There might be a relationship to our long-standing problem of modeling errno, but that does not quite fit into this model, because errno is sometimes implemented as a global.

 -Hal

> 
> Thanks,
> 
>> Mehdi
> 
> > 
> >> 
> >> On December 4, 2015 11:47:20 PM GMT+05:30, James Molloy
> >> <james at jamesmolloy.co.uk> wrote:
> >> 
> >> It is if one of the operands is or can alias a global ?
> >> 
> >> 
> >> On Fri, 4 Dec 2015 at 18:16, Vaivaswatha Nagaraj <
> >> vn at compilertree.com > wrote:
> >> 
> >> 
> >> 
> >> writing into operands is not the same as writing to globals right?
> >> I
> >> added printf in the same category since we were discussing writing
> >> to globals.
> >> 
> >> 
> >> 
> >> On December 4, 2015 11:34:10 PM GMT+05:30, James Molloy <
> >> james at jamesmolloy.co.uk > wrote:
> >> 
> >> 
> >> Hi,
> >> 
> >> 
> >> I just want to reiterate: printf and friends do *not* fall into
> >> this
> >> category as they can write to their operands (unless you parse and
> >> check the format string for %n).
> >> 
> >> 
> >> James
> >> 
> >> 
> >> On Fri, 4 Dec 2015 at 17:53 Vaivaswatha Nagaraj via llvm-dev <
> >> llvm-dev at lists.llvm.org > wrote:
> >> 
> >> 
> >> 
> >> 
> >> 
> >>> Most of the time you don't have the entire call graph
> >>> information.
> >>> Imagine that you are developing a module that is a part of a
> >>> larger
> >>> project.
> >> 
> >> 
> >> I now understand the concern. It looks to me that we will need to
> >> set
> >> the flag by default to all functions whose definitions aren't
> >> available (external), and then propagate from there on. I don't
> >> see
> >> any optimizations being inhibited by such a setting, so it should
> >> be
> >> okay.
> >> 
> >> 
> >> 
> >>> I think we need to go back and look at the underlying use case
> >>> (as I
> >>> understand it): GlobalAA should be able to figure out that calls
> >>> to
> >>> malloc/free don't touch global variables visible to the
> >>> optimizer.
> >>> How do we address this problem?
> >> 
> >> 
> >> Yes, this is the primary concern.

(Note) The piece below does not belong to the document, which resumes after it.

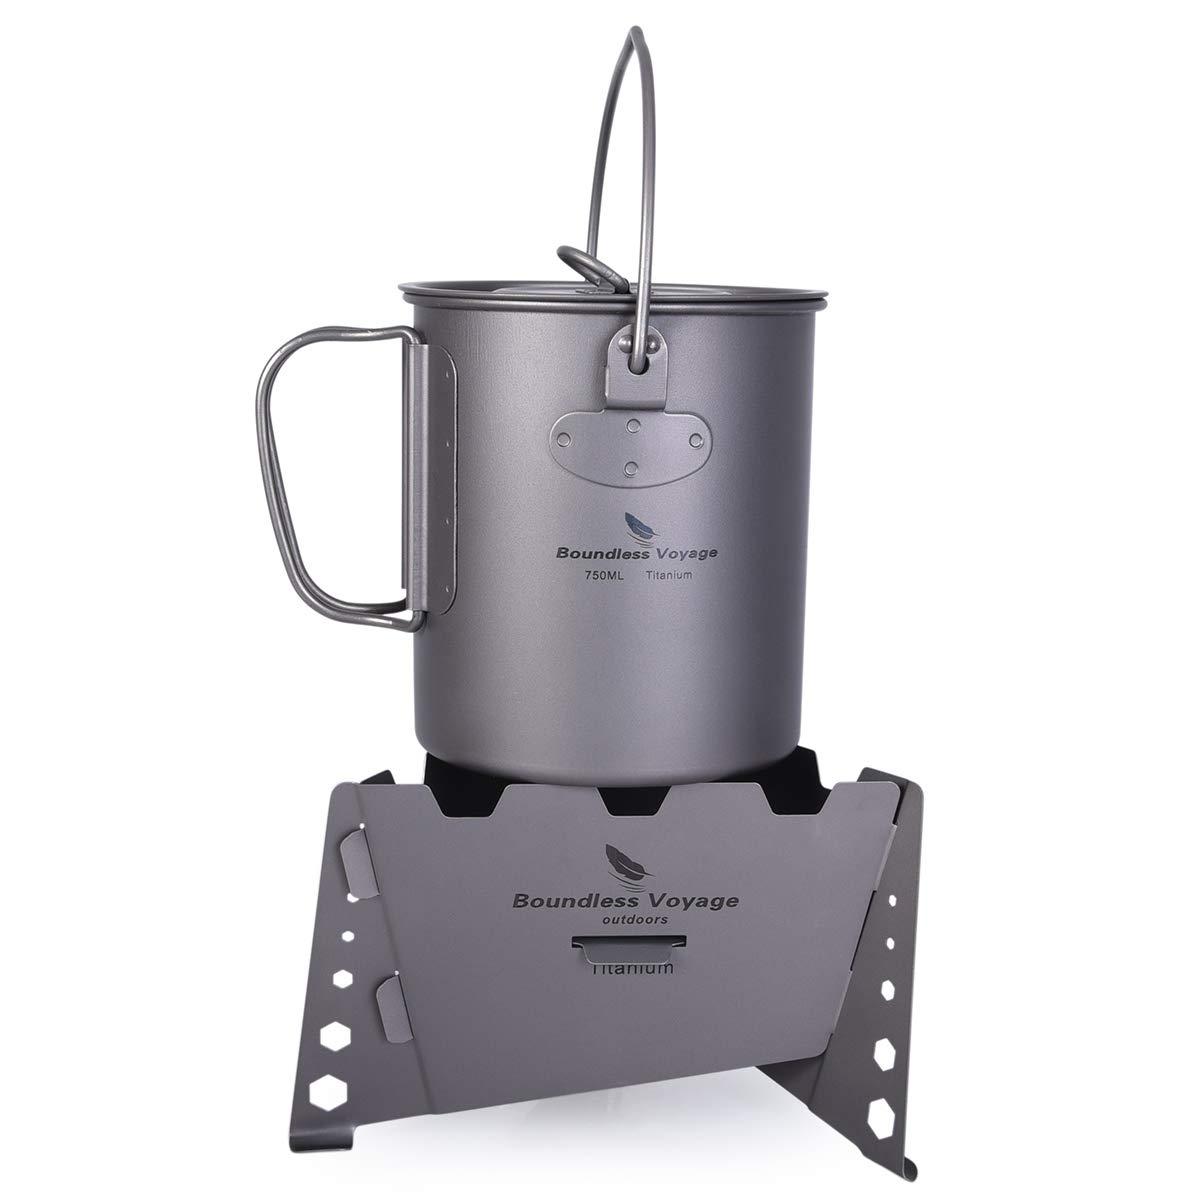 usharedo Outdoor 750ml Titanium Pot with Lid Folding Handle Camping Hiking Picnic Ultralight Portable Water Bottle Cup Mug Spork Set by usharedo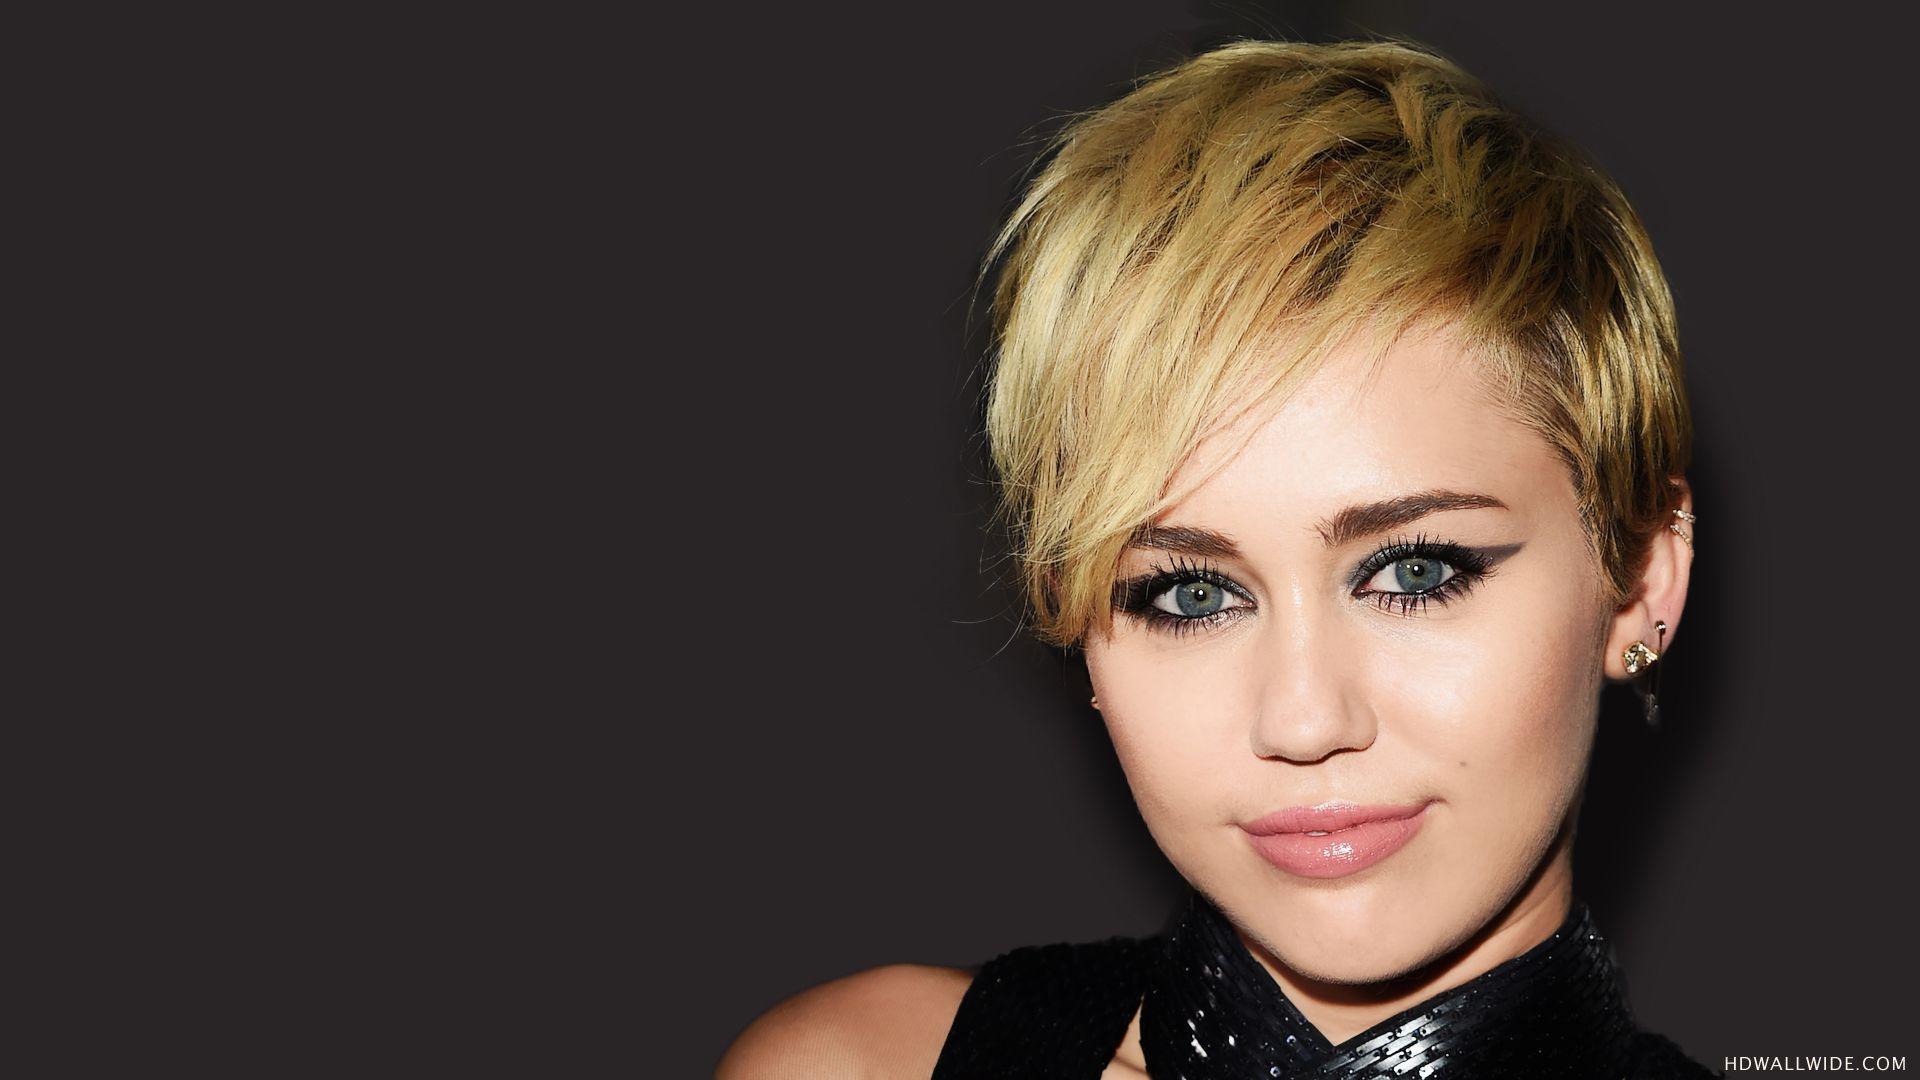 Hd wallpaper upload - Miley Cyrus Wallpaper Miley Cyrus Hd Pictures Hd Wallpaper Upload At

Most libc functions (including
> >> printf, malloc, free) fall into the same category.
> >> 
> >> 
> >> 
> >> 
> >> 
> >> 
> >> 
> >> 
> >> 
> >> 
> >> - Vaivaswatha
> >> 
> >> 
> >> 
> >> On Fri, Dec 4, 2015 at 11:12 PM, Hal Finkel < hfinkel at anl.gov >
> >> wrote:
> >> 
> >> 
> >> ----- Original Message -----
> >>> From: "Vaivaswatha Nagaraj via llvm-dev" <
> >>> llvm-dev at lists.llvm.org
> >>>> 
> >>> To: "Krzysztof Parzyszek" < kparzysz at codeaurora.org >
> >>> Cc: "LLVM Dev" < llvm-dev at lists.llvm.org >
> >>> Sent: Friday, December 4, 2015 11:21:03 AM
> >>> Subject: Re: [llvm-dev] RFC: New function attribute
> >>> HasInaccessibleState
> >> 
> >>>>> In the case of user-defined allocation functions, the
> >>>>> definitions
> >>>>> for those functions are available
> >> 
> >>>> Are they? probably not unless you're in an LTO build.
> >> 
> >>> Yes, I'm assuming an LTO build.
> >> 
> >> The concerns around LTO here, while legitimate, apply only to a
> >> very-specific kind of LTO: An LTO which includes the definitions
> >> of
> >> the libc. This is actually quite tricky to support, semantically,
> >> and already breaks our malloc aliasing assumptions. There are many
> >> legitimate uses of LLVM, both for statically-compiled code and for
> >> JIT'd code, that depend on a visibility boundary between certain
> >> core runtime services and the user code being compiled to provide
> >> for effective optimization.
> >> 
> >> So, yes, this will break LTO when you include libc itself in the
> >> optimization process. We already don't support this (we'd need, at
> >> least, to adjust our malloc noalias assumptions, if not many other
> >> things). I don't think this is a major concern.
> >> 
> >> I think we need to go back and look at the underlying use case (as
> >> I
> >> understand it): GlobalAA should be able to figure out that calls
> >> to
> >> malloc/free don't touch global variables visible to the optimizer.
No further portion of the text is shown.